Personally, I don’t like scrolling in the examples shown either, but there are nice examples where the visualisations update as scroll with the text narrative. eg http://s.telegraph.co.uk/graphics/projects/safaas-journey/index.html.
I would thought a nice design feature would be to offer stepper buttons alongside the ability to use scroll gestures. the stepper buttons would follow you down the page, and clicking takes you to anchors on the page
For example
http://swanh.net/
I would recommend you to read the following study of parrallax scrolling and the effects it has. It has a lot of similar touch points with your argumentation. The study came to the following result:
“Participants believed that the parallax scrolling website was more fun than the non-parallax scrolling website. The results of the study also showed parallax scrolling to be more effective when used in a hedonic and fun context. In spite of these benefits two of the participants suffered motion sickness and experienced significant usability issues while interacting with the parallax scrolling website. ”
Some of the arguments that you discuss deals with content type. If you really want the reader to learn something about a topic a scrolljacking parrallax superlong page might not be the best choice.
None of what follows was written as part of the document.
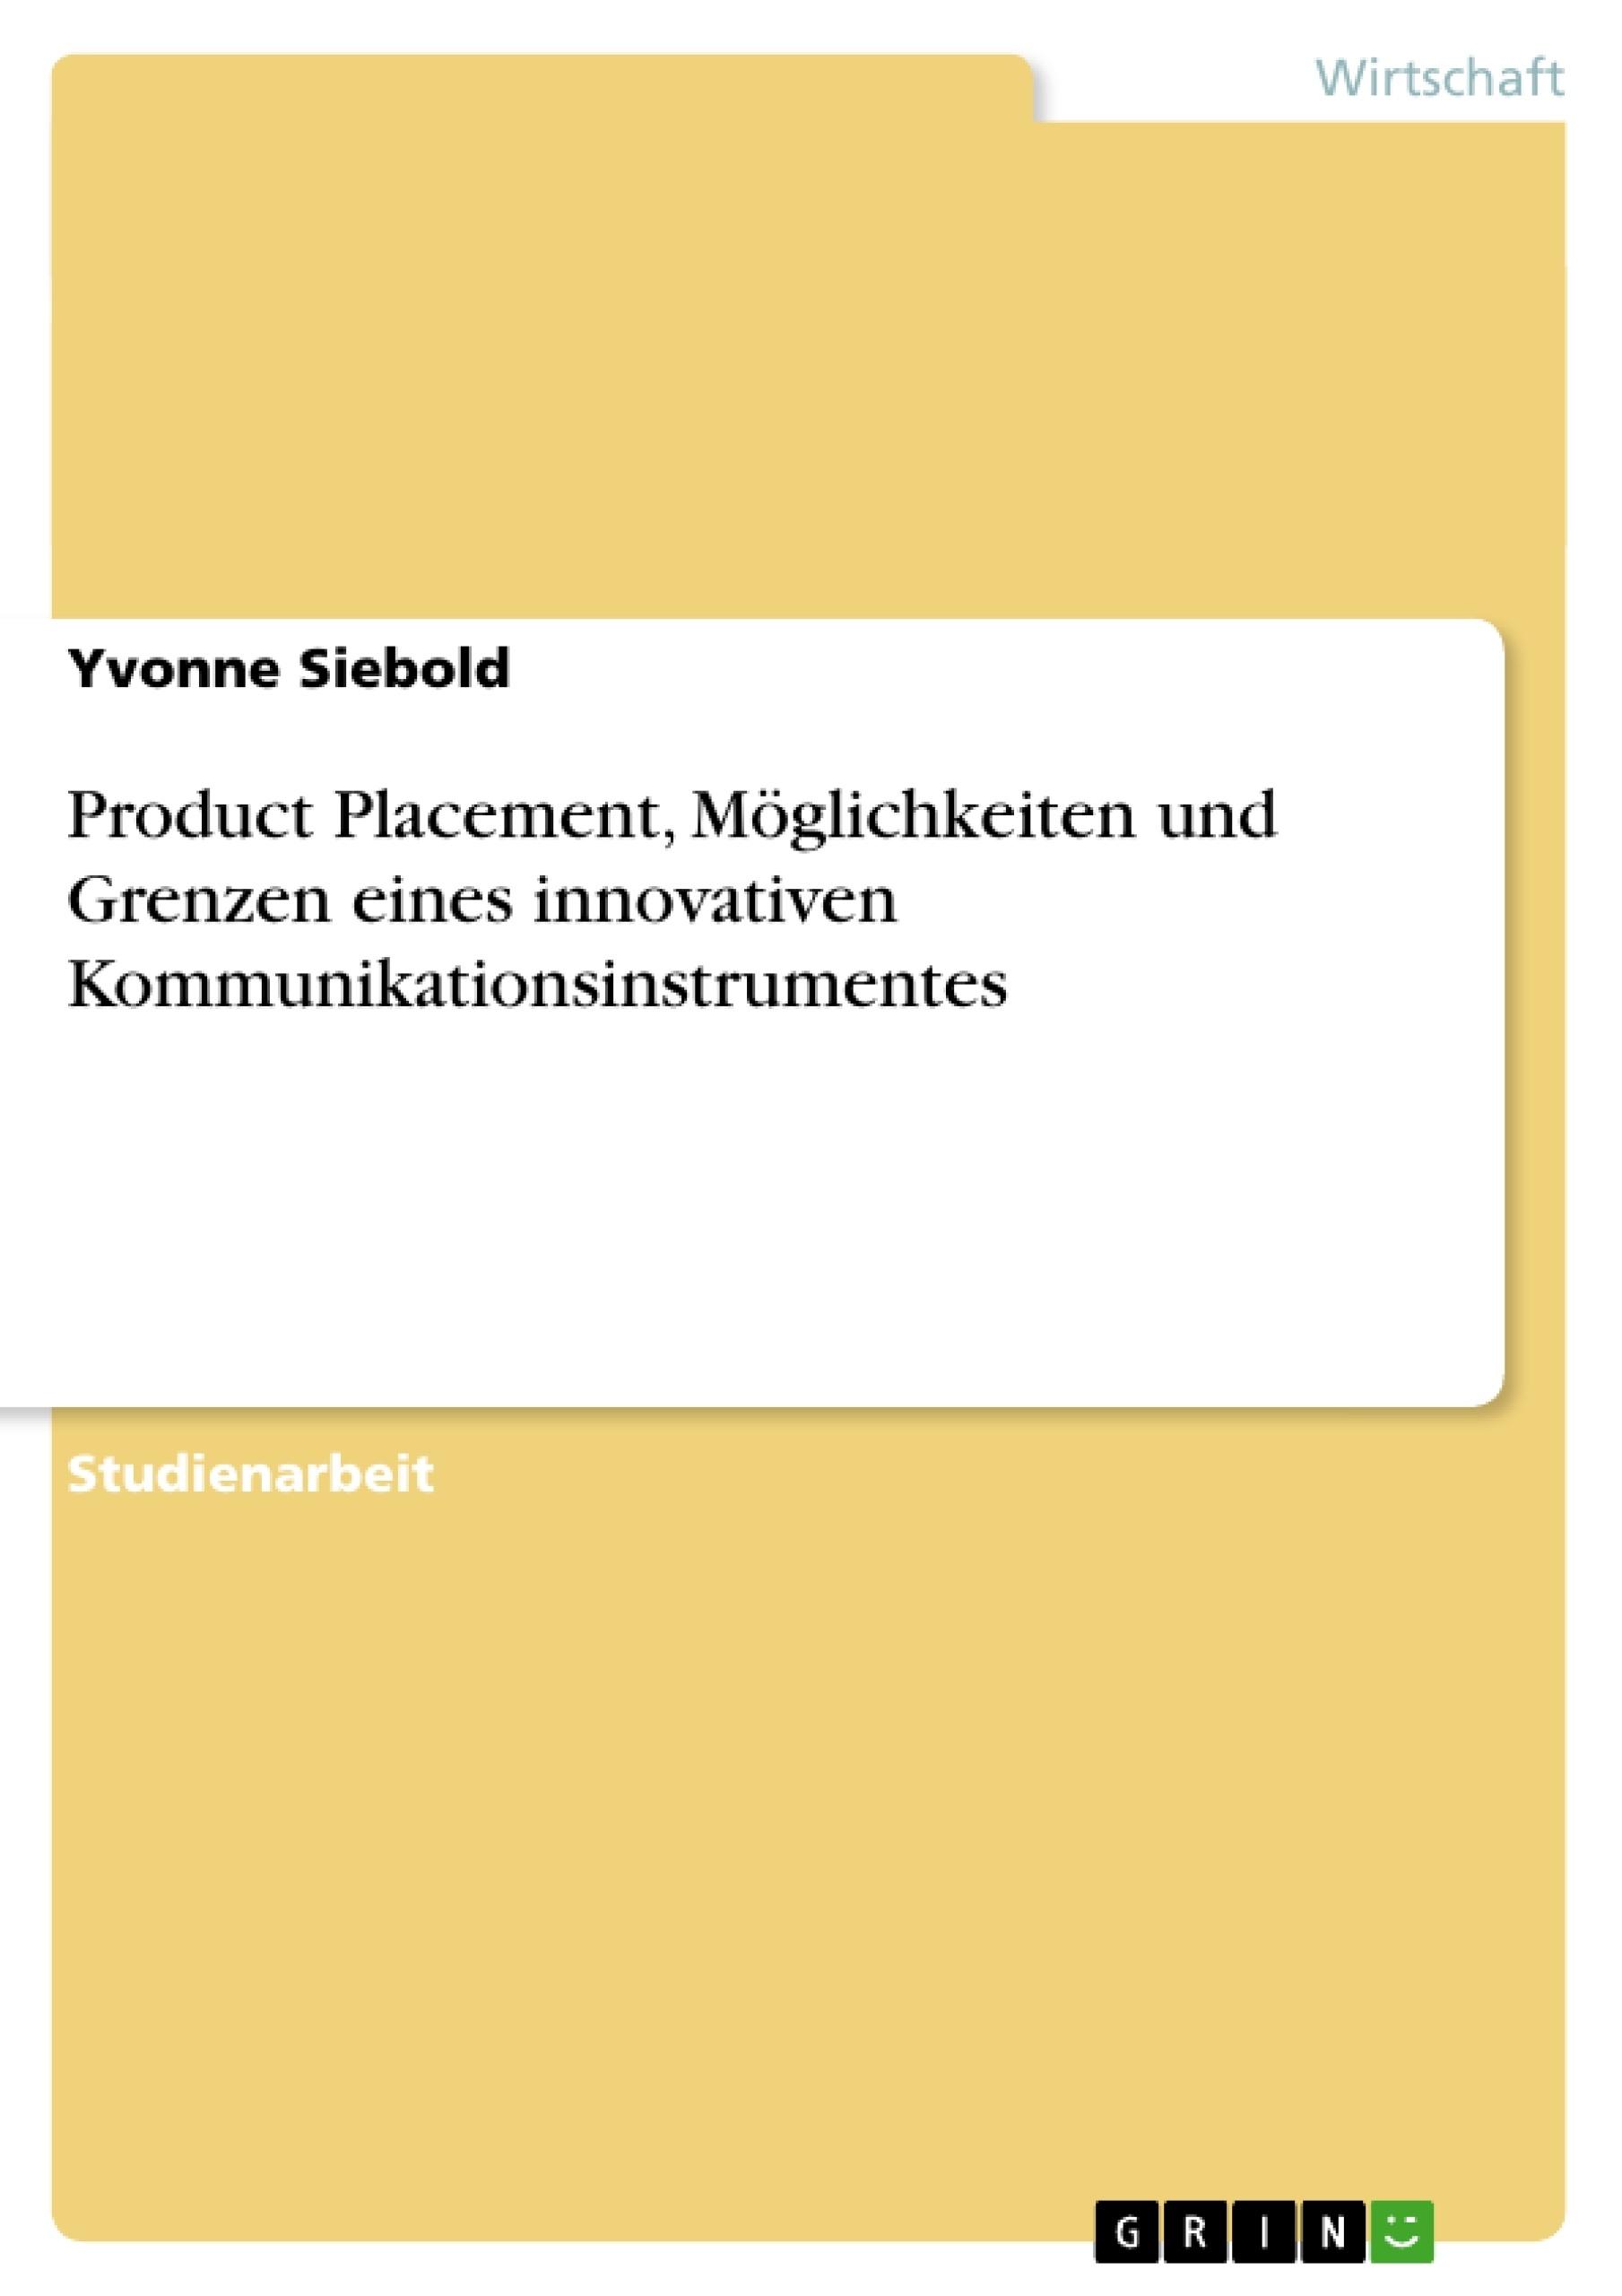 Titel: Product Placement, Möglichkeiten und Grenzen eines innovativen Kommunikationsinstrumentes

http://uxpajournal.org/the-effects-of-parallax-scrolling-on-user-experience-in-web-design/
The problem with a stepper is that if your last few steps contain the big reveal in the story, how many people make it through to the end? Take this recent one as an example, its not story points but uses tabs to navigate through. https://public.tableau.com/s/gallery/what-will-brexit-mean-uk. The first page has 41k views, 2nd – 3.5k, 3rd 1.8k, 4th 1.3k last 1k. Its not scientific and no doubt there are subtleties, but does the click to the next page approach mean that your readers never make it that far through the story? If your conclusions or big reveal is not up front there is a danger of people not seeing it. In this case its not a story so much as was to delve into the details behind the headlines and is a good example of front loading
Would be interesting if Tableau Public has any data on click through rates for storypoints, find out what % of people click through to the end and what the drop off rate is.